# [INSTRUCTIONS FOR THE TASK]
Please transcribe the data below exactly. Leave the pictures out.
===== INFORMATION SUPPLIED =====
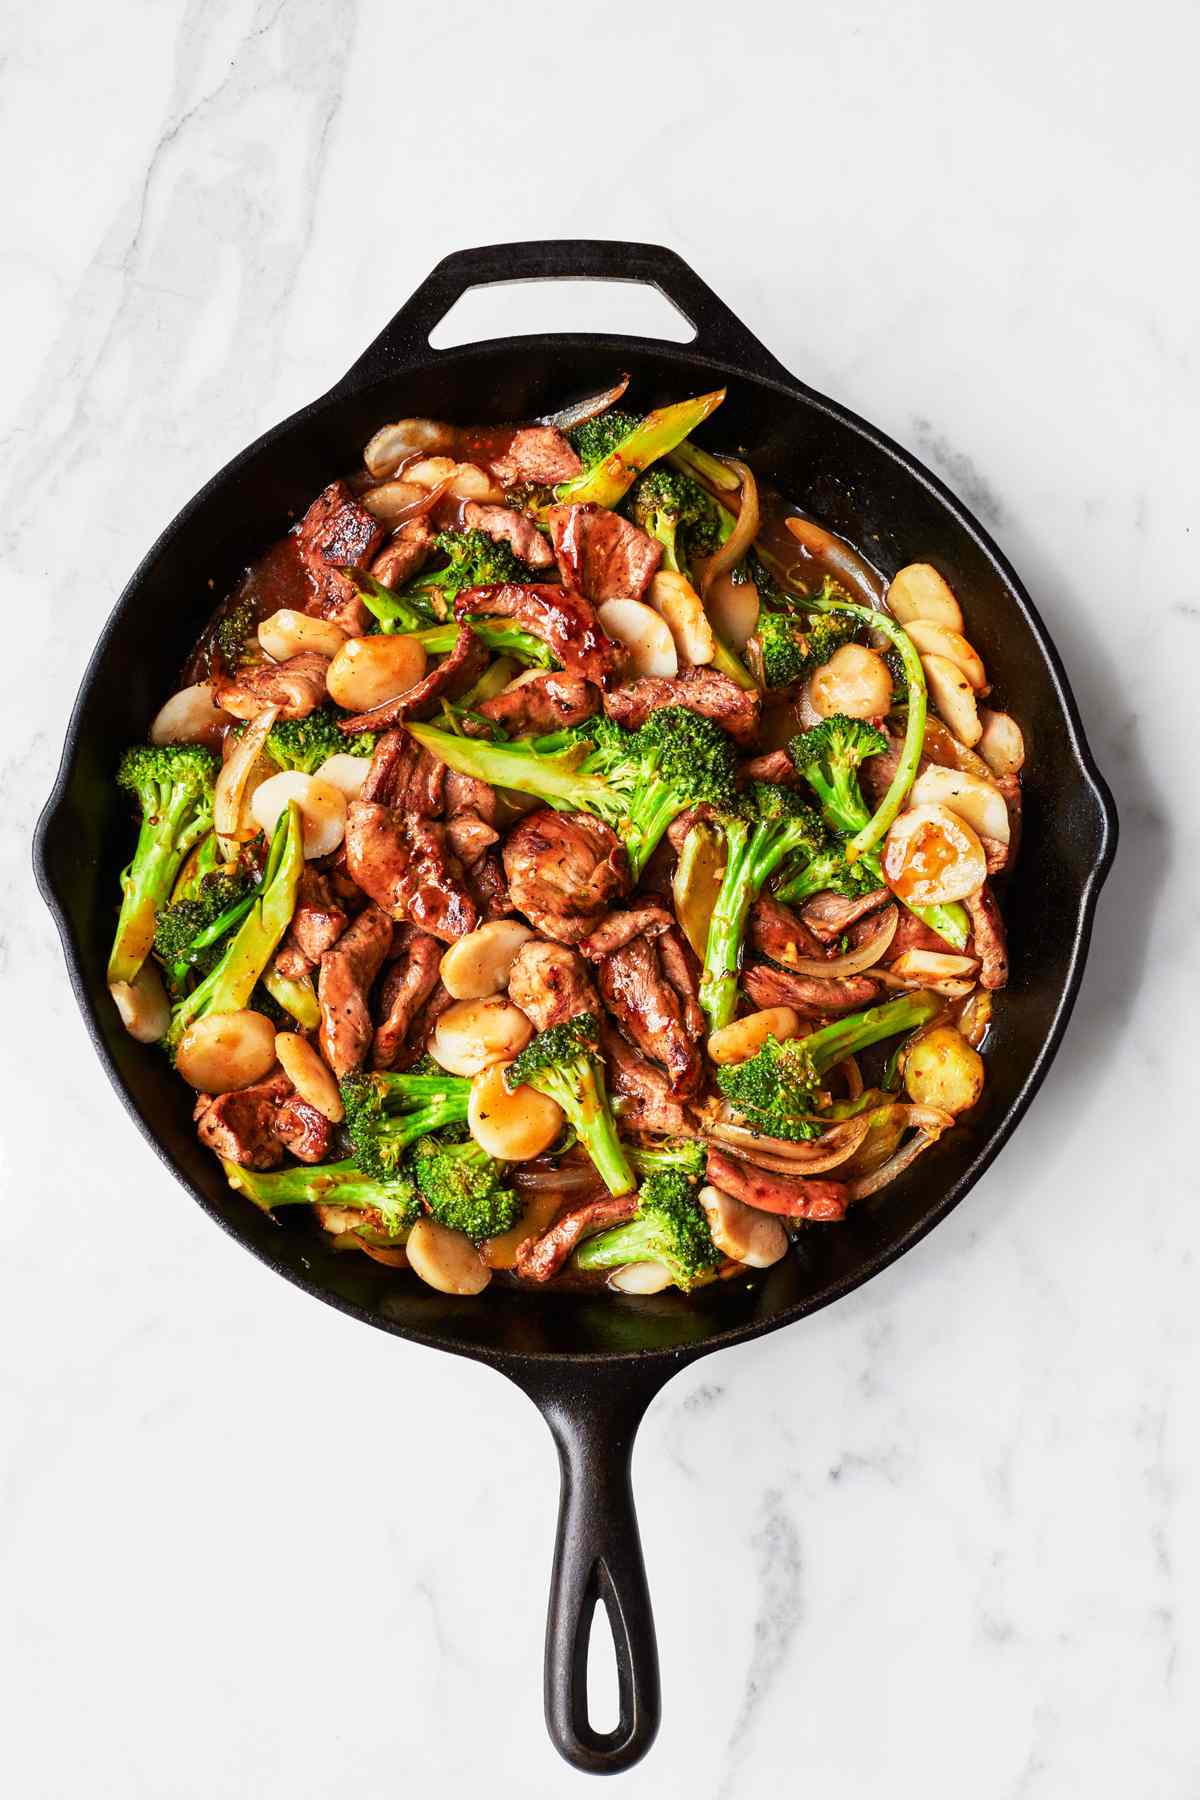 pork-and-broccoli stir-fry
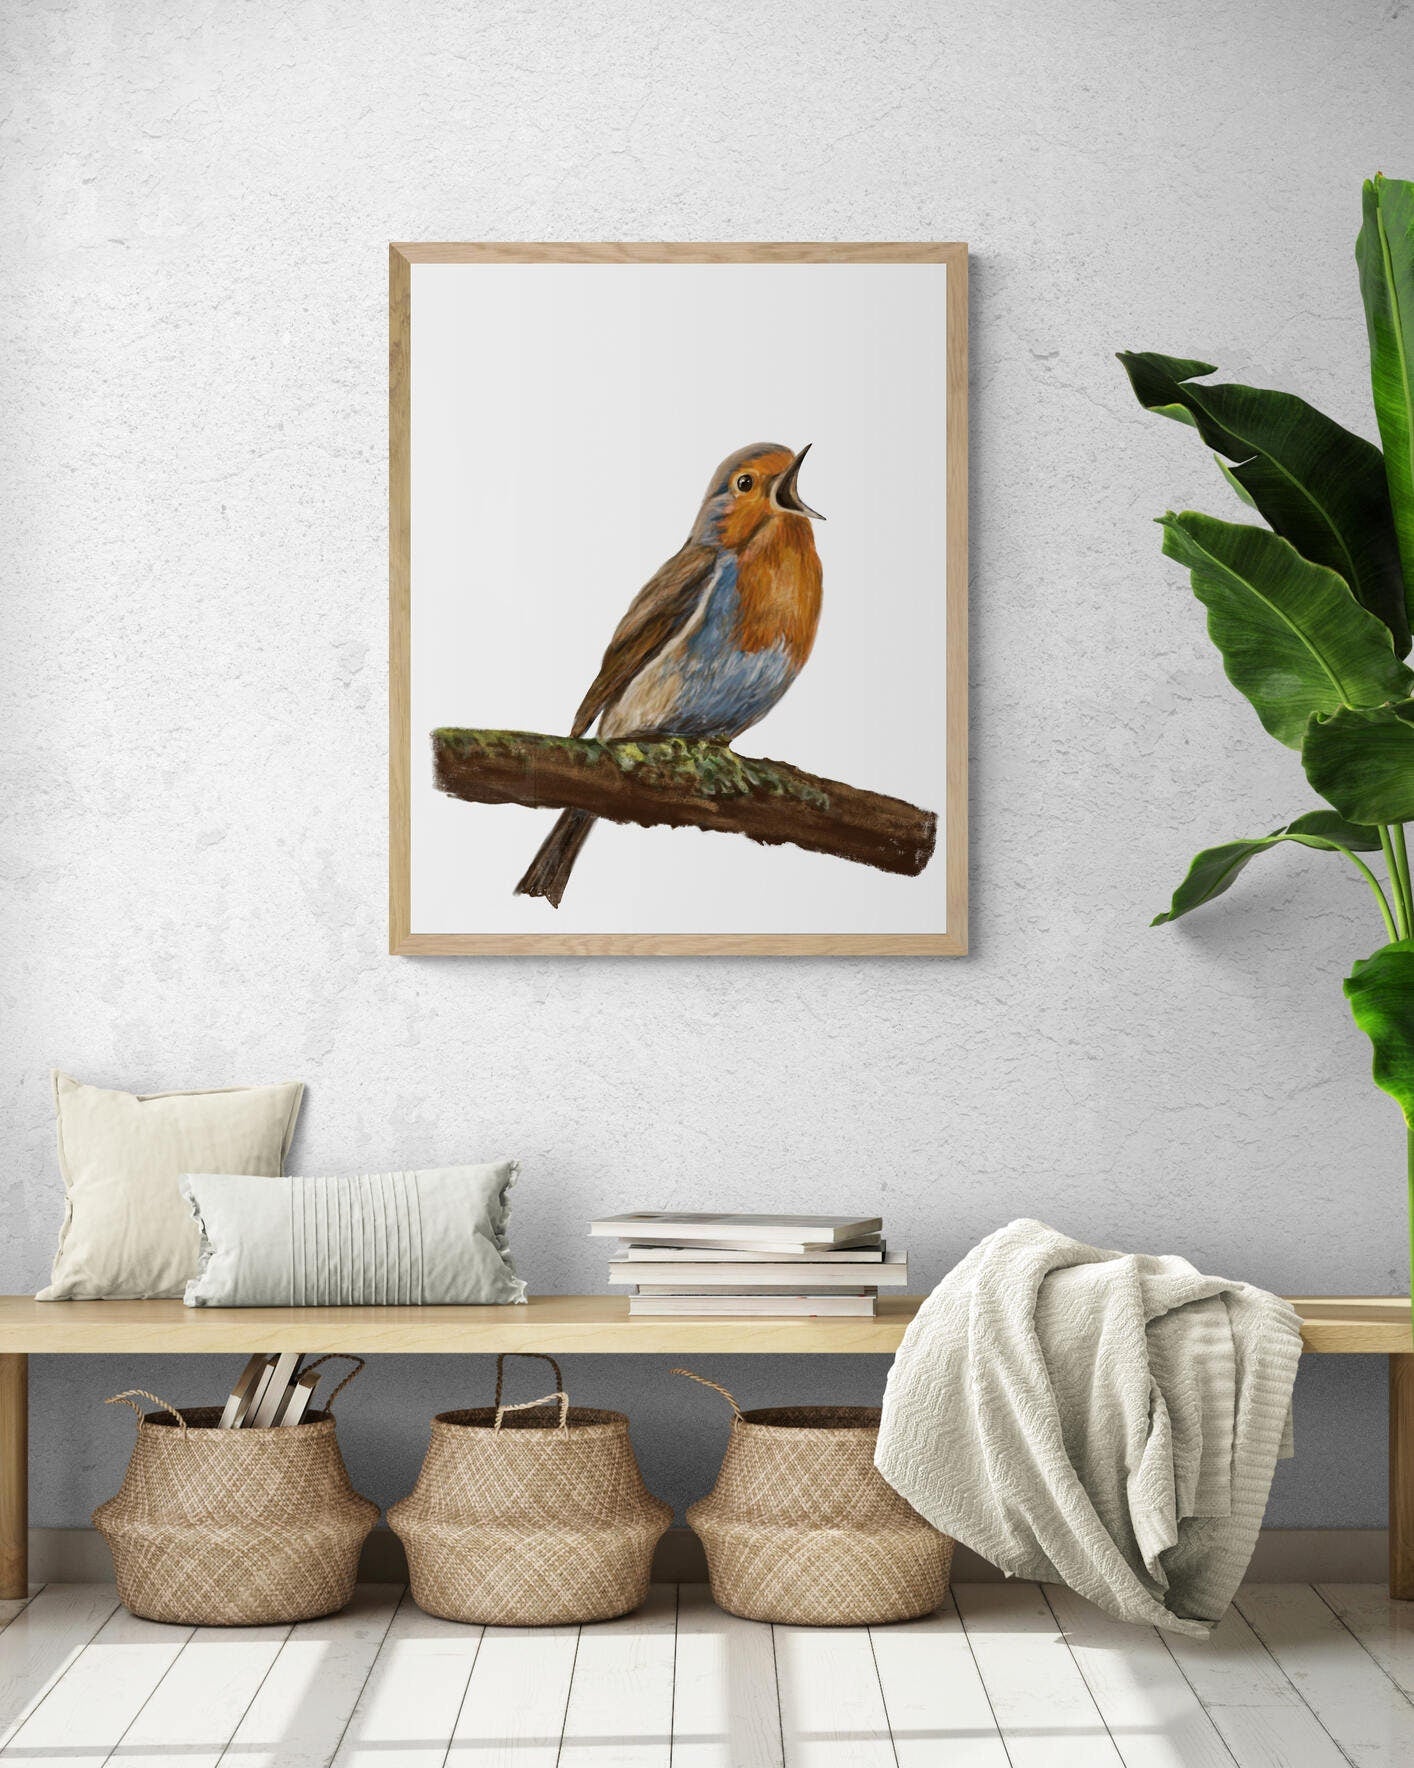 Singing Robin Bird Print, Robin Bird Painting, Red Bellied Bird Print, Robin Holiday Print, Living Room Wall Art, Bird Print Gift, Mom Gift
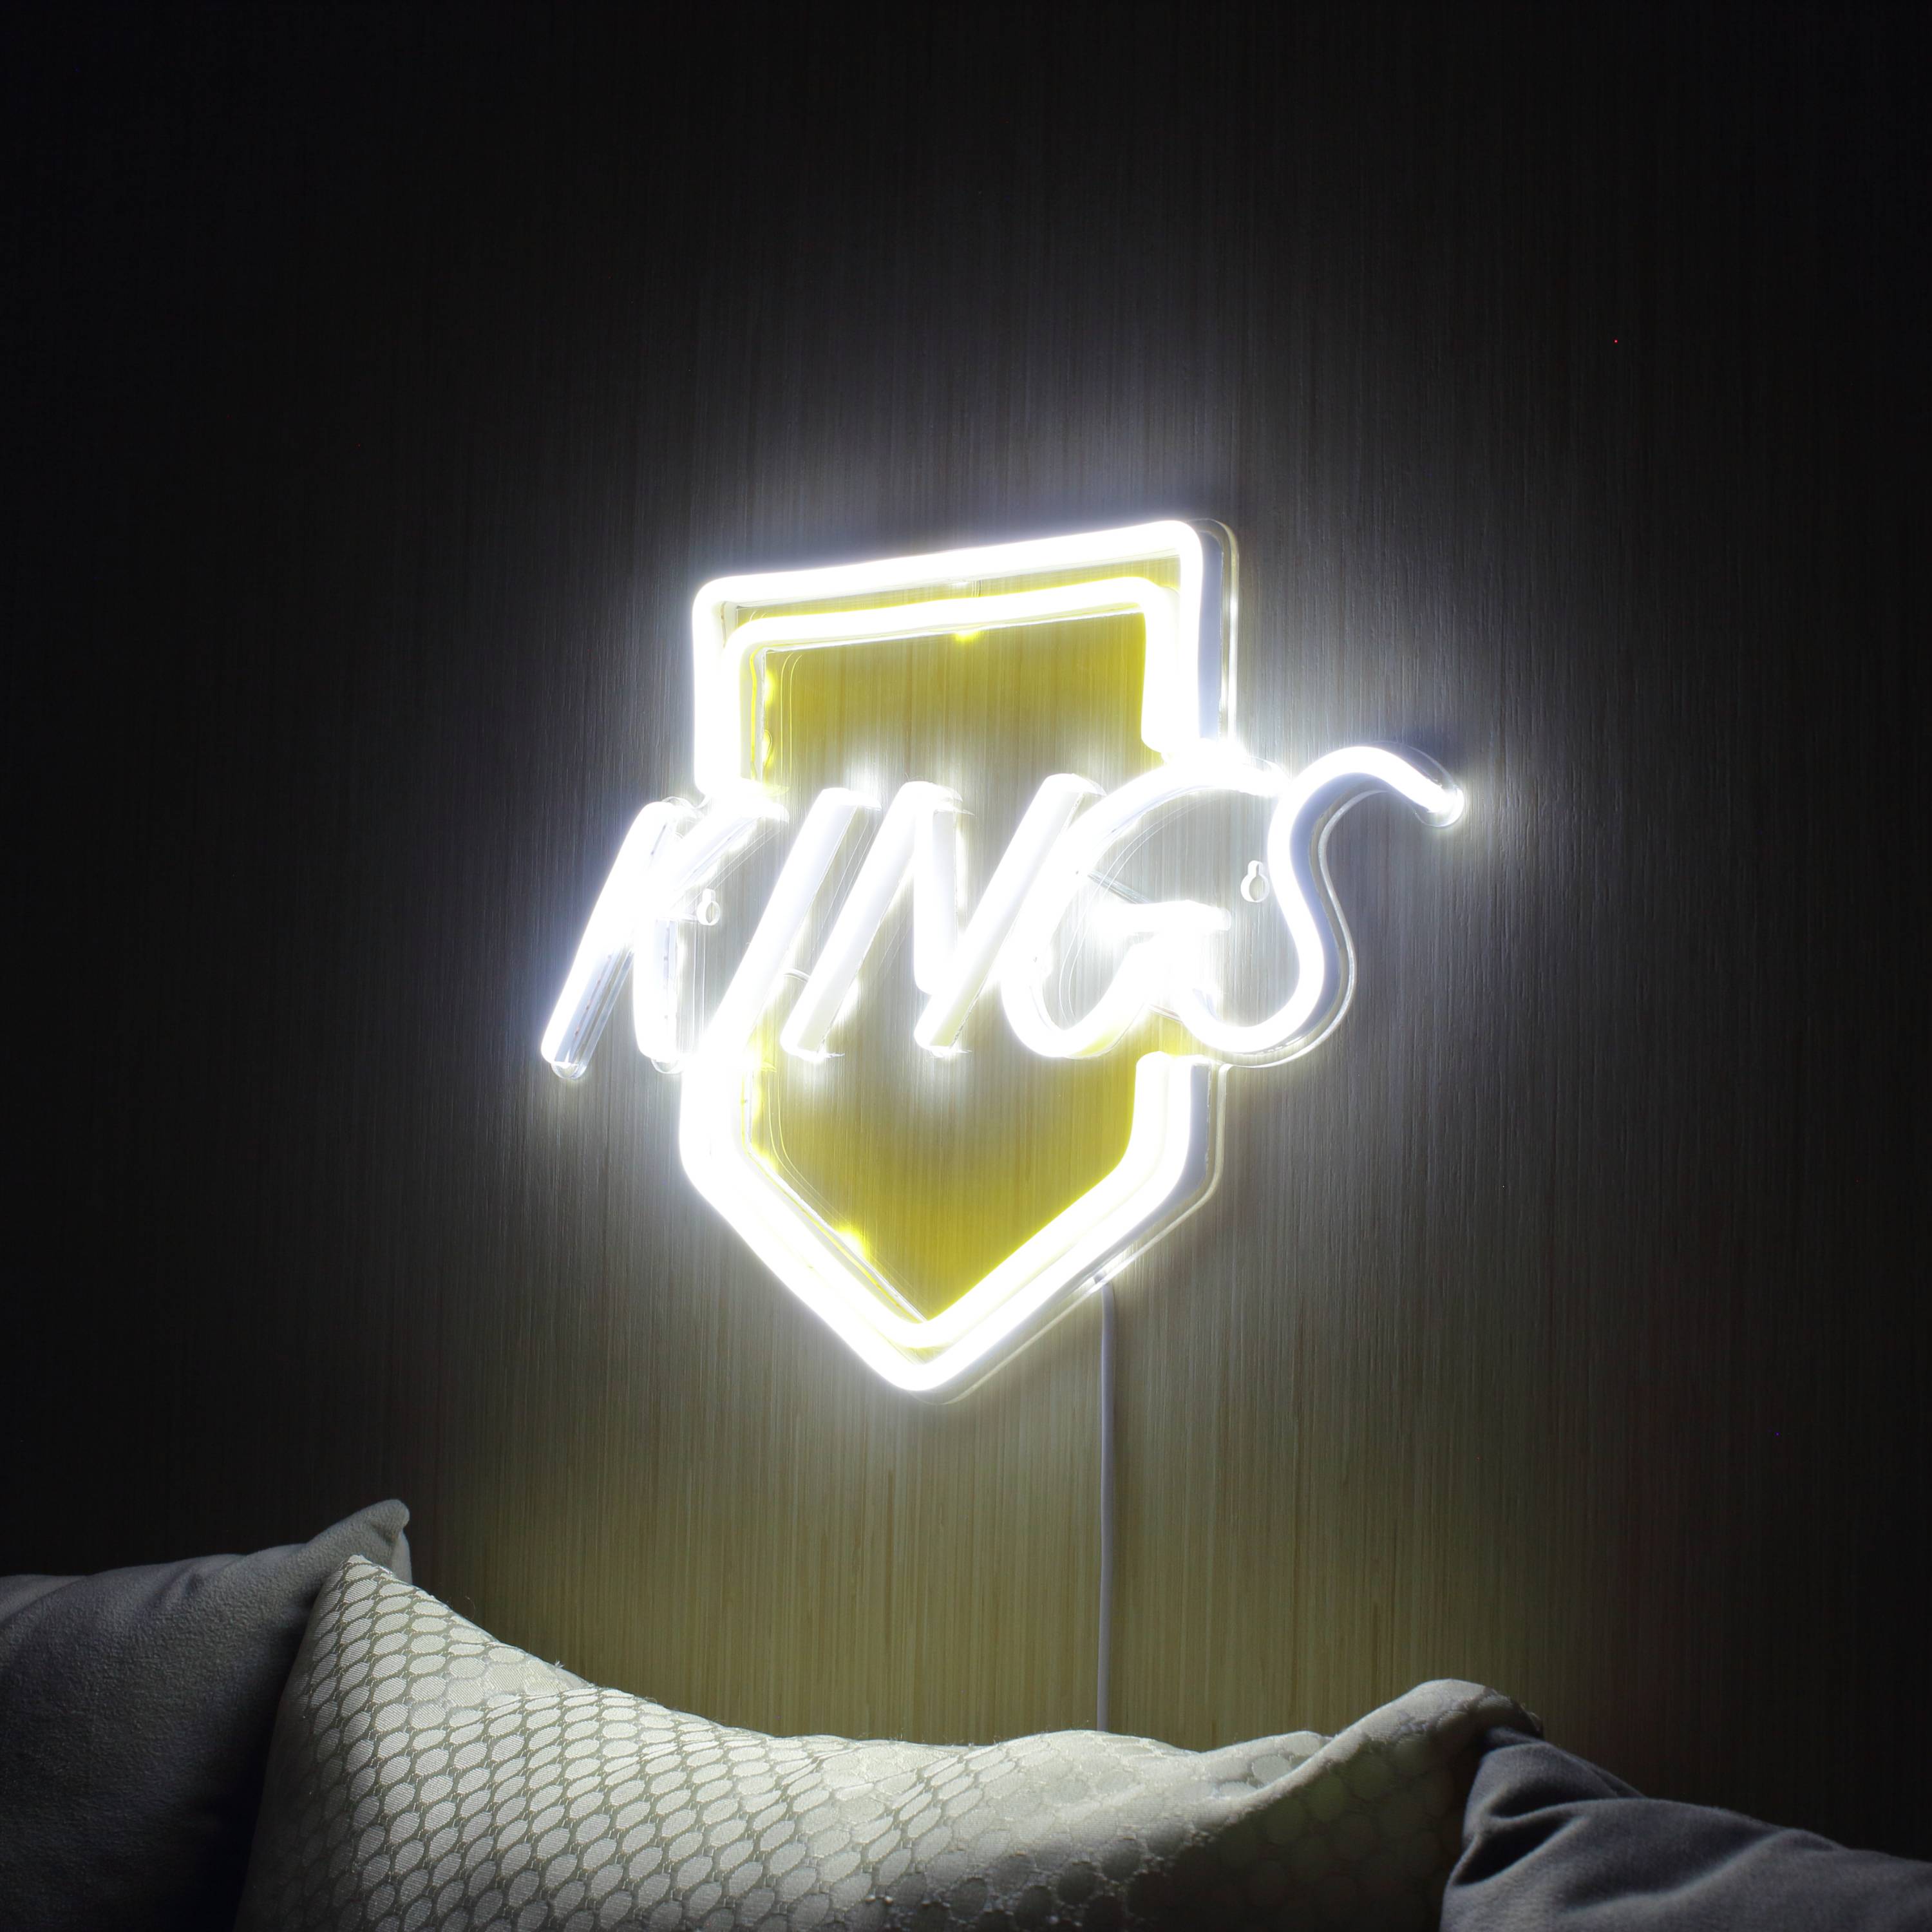 Kings still adjusting to new LED lighting - LA Kings Insider
=====
# [REPLY TO THE EXERCISE]
 pork-and-broccoli stir-fry
 Singing Robin Bird Print, Robin Bird Painting, Red Bellied Bird Print, Robin Holiday Print, Living Room Wall Art, Bird Print Gift, Mom Gift
 Kings still adjusting to new LED lighting - LA Kings Insider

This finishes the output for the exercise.